According to still another aspect of the present invention, an apparatus is provided, including: an interface for receiving multiple packets from multiple packet queues, each packet queue corresponding to a virtual channel; and a packet arbiter for determining the multiple The packets include one or more high priority packets and selections are made from the high priority packets until the high priority packets are exhausted.

According to yet another aspect of the present invention, a method is provided, comprising: receiving a plurality of packets from a plurality of packet queues, each packet queue corresponding to a virtual channel; determining whether the plurality of packets include one or more high priority priority groups; and selecting from said high priority groups until said high priority groups are exhausted.

According to yet another aspect of the present invention, there is provided an article of manufacture comprising a machine-readable medium comprising machine-executable instructions that cause a machine to: receive a plurality of packets from a plurality of packet queues, each packet A queue corresponds to a virtual channel; determining whether the plurality of packets includes one or more high priority packets; and selecting from the high priority packets until the high priority packets are exhausted.

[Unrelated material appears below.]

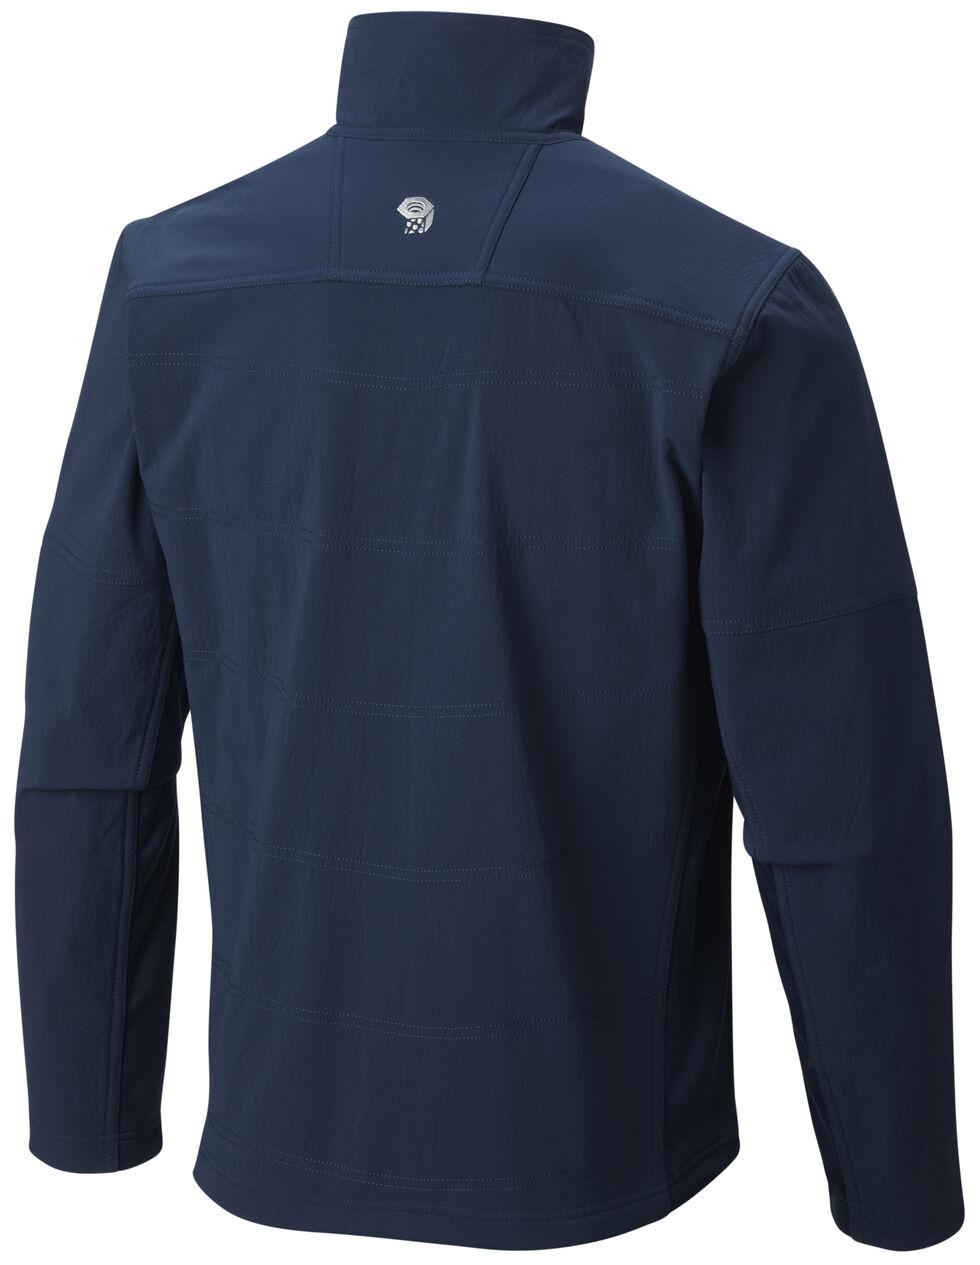 Mountain Hardwear Men's Ruffner Hybrid Jacket, Navy, hi-res

According to yet another aspect of the present invention, a system is provided, comprising: a switch fabric; and a node coupled to the switch fabric, the node comprising: an interface for receiving a plurality of packets from a plurality of packet queues, each packet queue corresponding to a virtual channel; and a packet arbiter for determining whether said plurality of packets includes one or more high priority packets, and selecting from said high priority packets until said high priority packets are exhausted.

Description of drawings

Figure 1 is a block diagram of a switched fabric network, according to an embodiment.

Figure 2 shows the protocol stack of PCI Express and AS architecture.

Figure 3 shows the AS Transaction Layer Packet (TLP) format.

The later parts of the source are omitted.